What this means is that the companies generally tend to outperform the market, since a management team who can add value to investment have a large overlap in qualities to a management team who seek to make the company more ethically conscious. This has led to an on-going trend over the last decade that, in a volatile market, ESG-compliant companies tend to outperform and have less volatility than the broader market. The MSCI ESG index outperformed the general index by 1.6% in Q1 2020.

The bottom line

Whether or not you take up an ESG focus on your portfolio doesn’t necessarily have to rely on your moral stance. A platform that all can get behind is “I’ll take less risk and more reward”, something that ESG is starting to show it can deliver.

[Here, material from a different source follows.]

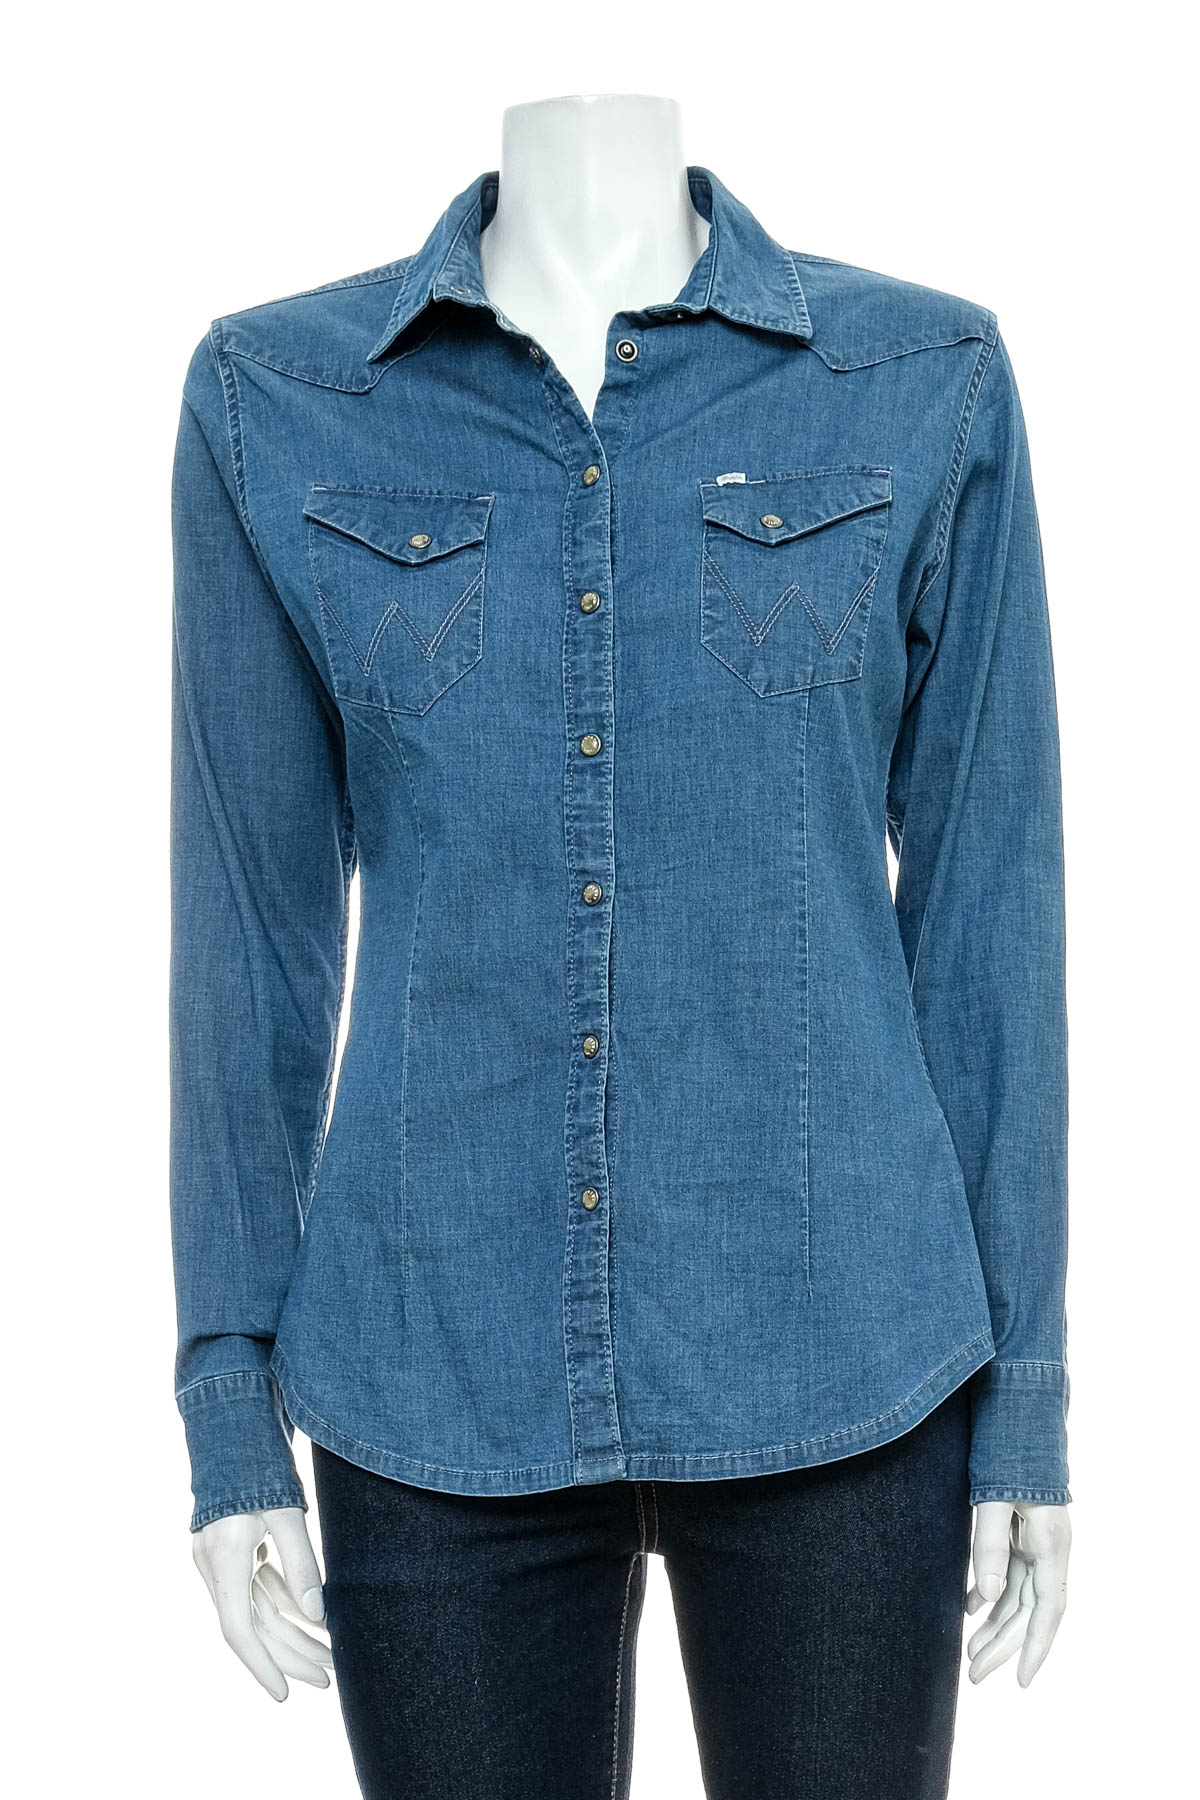 Γυναικείο τζιν πουκάμισο - Wrangler - 0

Should you immediately sell your BHP share and burn down your local TAB? Well, the answer to that is complicated (disclaimer: please do not commit arson under any circumstances). As any disclaimer will tell you, past returns do not reflect future performance, and given how recently ESG has risen to popularity there may not be sufficient data to bring comfort to some of the assumptions we’ve discussed here.

For now, the social and ethical gains are clear and irrefutable. If that can translate into lower risk and better performance to boot, then perhaps the Conscious Investor is the way of the future.

The views expressed in this article are the views of the stated author as at the date published and are subject to change based on markets and other conditions. Past performance is not a reliable indicator of future performance. Mason Stevens is only providing general advice in providing this information. You should consider this information, along with all your other investments and strategies when assessing the appropriateness of the information to your individual circumstances. Mason Stevens and its associates and their respective directors and other staff each declare that they may hold interests in securities and/or earn fees or other benefits from transactions arising as a result of information contained in this article.